Further, Highly Recommend CCleaner as a regular housekeeping tool. A bit ago, I was Trojaned with a bad Codec installation -- the Uninstall was eyewash, and Avast AV kept quarantining it, but it kept coming back. So went to Admin mode, Ran CCleaner to tidy up, then uninstall the Codec in the Tools menu. Blocked again, so did the Restart, F5 boot to Safe Mode with Windows, then ran CC again to uninstall (successful) and Tools, Startup - and cleared the bad Codec from the Tasks and Context menus where the Trojan reinstall had been hiding. Then some Registry cleanup and it's gone.

Some similar process may help you with your bug. Consider uninstalling Java completely, wiping, and get a fresh install from the source: Java.com

Good luck!

[lake_wrangler]

Firefox with add-ons NoScript and AdBlock. Not sure if Opera or Chrome has versions for them. Good Luck!

Chrome has AdBlock Plus, and an extension called ScriptBlock.
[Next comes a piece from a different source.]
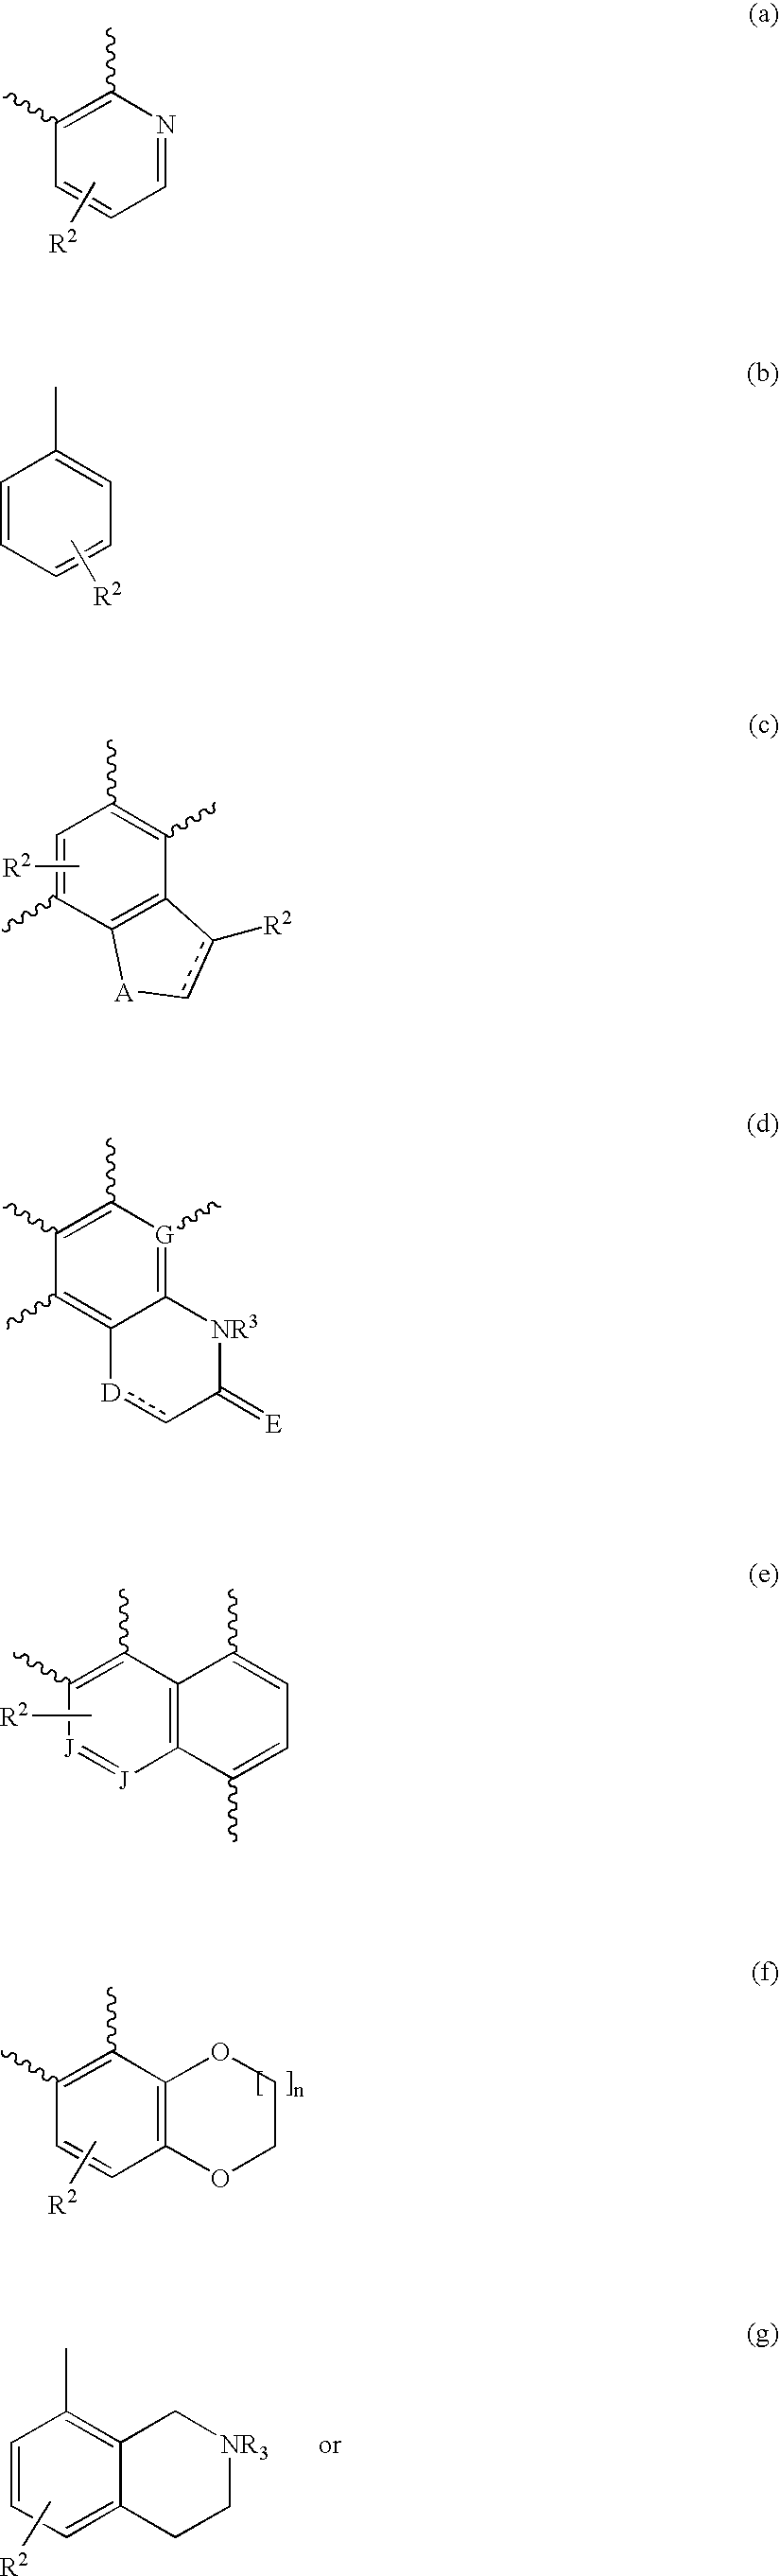 3' substituted compounds having 5-ht6 receptor affinity
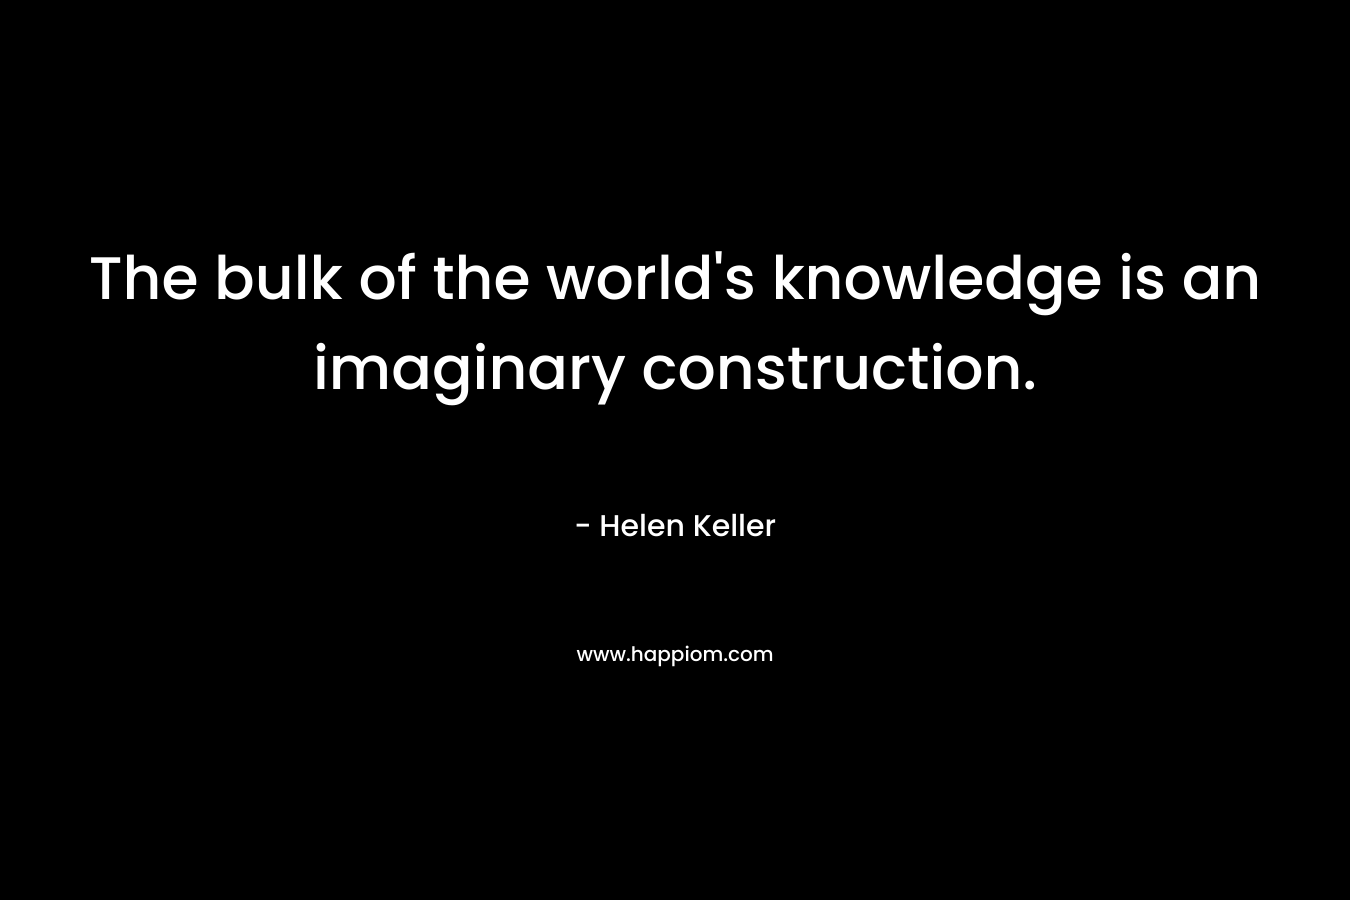 The bulk of the world’s knowledge is an imaginary construction. – Helen Keller

Or, the one I prefer, ScriptSafe.

I chose to use ScriptBlock after reading reviews on ScriptSafe which were saying that ScriptBlock was better. I wouldn't know, having never used either one before installing ScriptSafe.

[Anime Rick]

Well, I've been on Wapsi Square every day for a week, and haven't had any issues since the latest attack on the first. It seems like whatever was hijacking my browser was taken care of. I consider this subject closed... even though we never found what it was (still think it was an ad, though.)

As for Adblock and stuff, I don't care to remove the ads as I don't have steady income, which means even the Patreon thing is beyond me, so leaving the ads running whenever I access the site (especially on an Archive Binge) is pretty much the only way I can support the artist.

[Warrl]

I chose to use ScriptBlock after reading reviews on ScriptSafe which were saying that ScriptBlock was better. I wouldn't know, having never used either one before installing ScriptSafe.

Tastes and priorities differ. Since I recently got a new computer and actually hadn't reinstalled ScriptSafe yet, after reading your comment I went and read the reviews again. The people who actually detailed why they preferred ScriptBlock over ScriptSafe were the ones who convinced me that Scriptsafe is still the better choice for me.